Top 10 Tweeting Regions by sum of tweets [1]
Top 10 Tweeting Regions Per Capita [2]
Highest number of tweets per device [3]

Top 10 UK Tweeting Regions

This first material is a broad look at the entire UK’s relationship with Twitter usage as previously outlined – accounting for the total number of tweets per Region.

This graphic is interactive. Please hover over the the bars to reveal the Regional data points. This data, recorded over one day (11th Nov. 2020), calculated the total sum of tweets per region – regardless of population and density.

The sum of total tweets doesn’t tell the whole story. As touched upon previously, the large local authorities, such as London, Manchester, Liverpool, etc. take a large portion with London taking the lionshare. It’s important to note that London is not represented singularly; North, South, West and East London are split individually, knowing the area would dominate, to ensure no assumed bias was acted on. Notwithstanding comments on expected outcomes, Oxford was certainly a surprise. However, as demonstrated this year with the epidemic, the Region certainly embrace technology and in a way, it does make sense to see them near the top ten. Bristol, the most densely populated region in the South West, is predictable, as, of course, is Birmingham. On balance, Edinburgh, being the most densely populated Scottish settlement was predictable. Interestingly, there are 208k people that live two miles away from Edinburgh City Centre, spatially they hold a staggering amount of land. In other words, although Birmingham hosts twice as many people, the two Regions occupy the same amount of land (Edinburgh Area: 264 km², Birmingham Area: Area: 267.8 km²).

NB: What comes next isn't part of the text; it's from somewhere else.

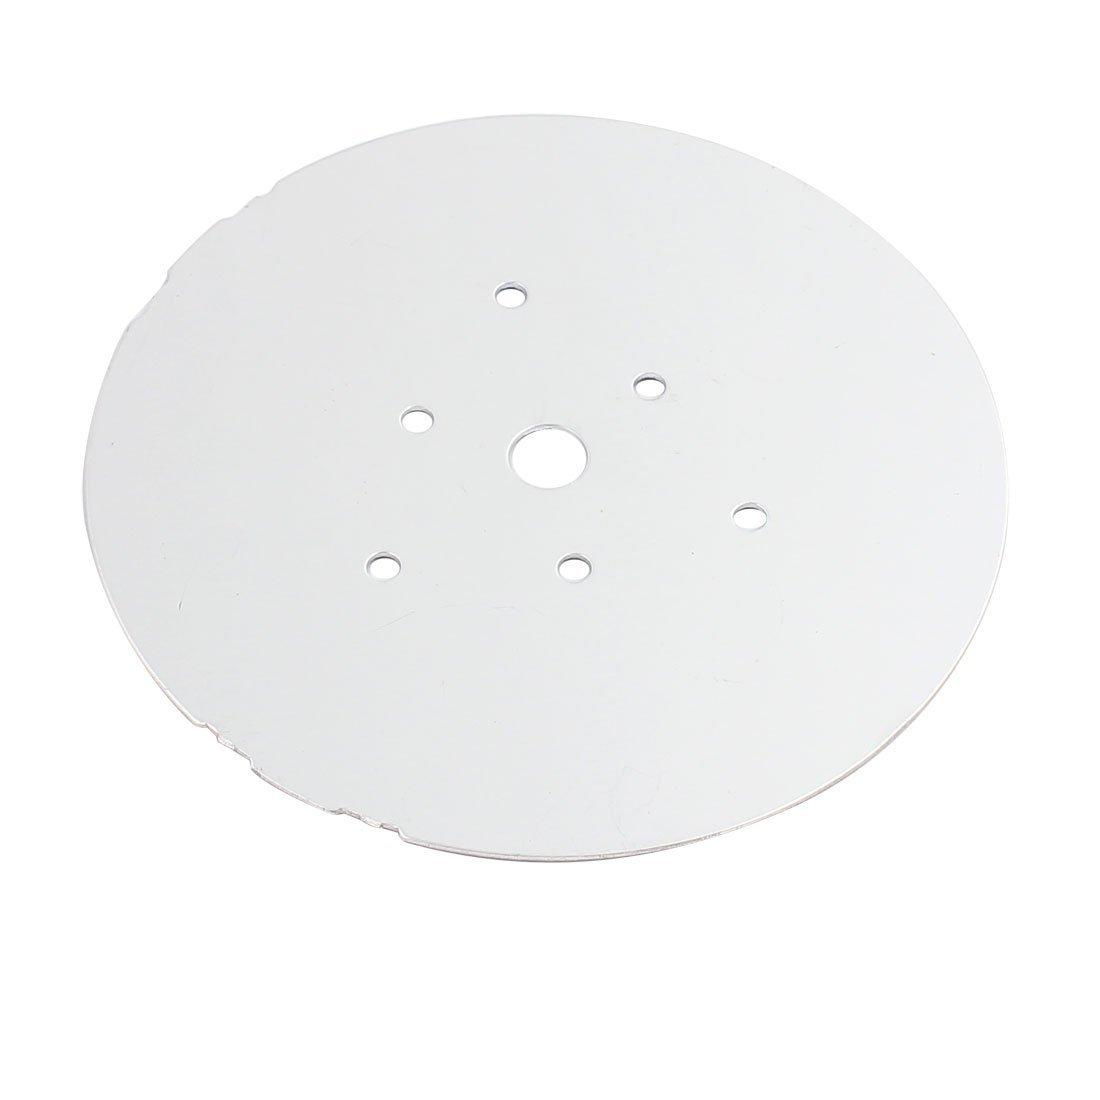 eDealMax 119mm Dia 18W 36 LED 5730 SMD LED Blanco Puro de techo Junta de aluminio ligero: Amazon.com: Industrial & Scientific

Top 10 UK Regions, Tweets Per Capita

One step ahead of the sum of tweets per region, and a more accurate representation, is tweets per capita.4 This calculation is essentially my way of adding a dampening factor to settle the playing field for regions that are highly active but don’t have the number of residents to compete against a big city. Instead of totalling the sum, this metric looks broadly and accounts for population-to-tweet ratio (as a percentage).

This graphic is interactive. Please hover over the the bars to reveal the Regional data points. This data, recorded over one day (11th Nov. 2020), essentially, evens the playing field for small but active local authorities. By calculating per capita, a monopoly on population rightly doesn’t assume the biggest chunk of tweets. This is fairest measurement, as the method assures we only review tweets that Region is accountable for. 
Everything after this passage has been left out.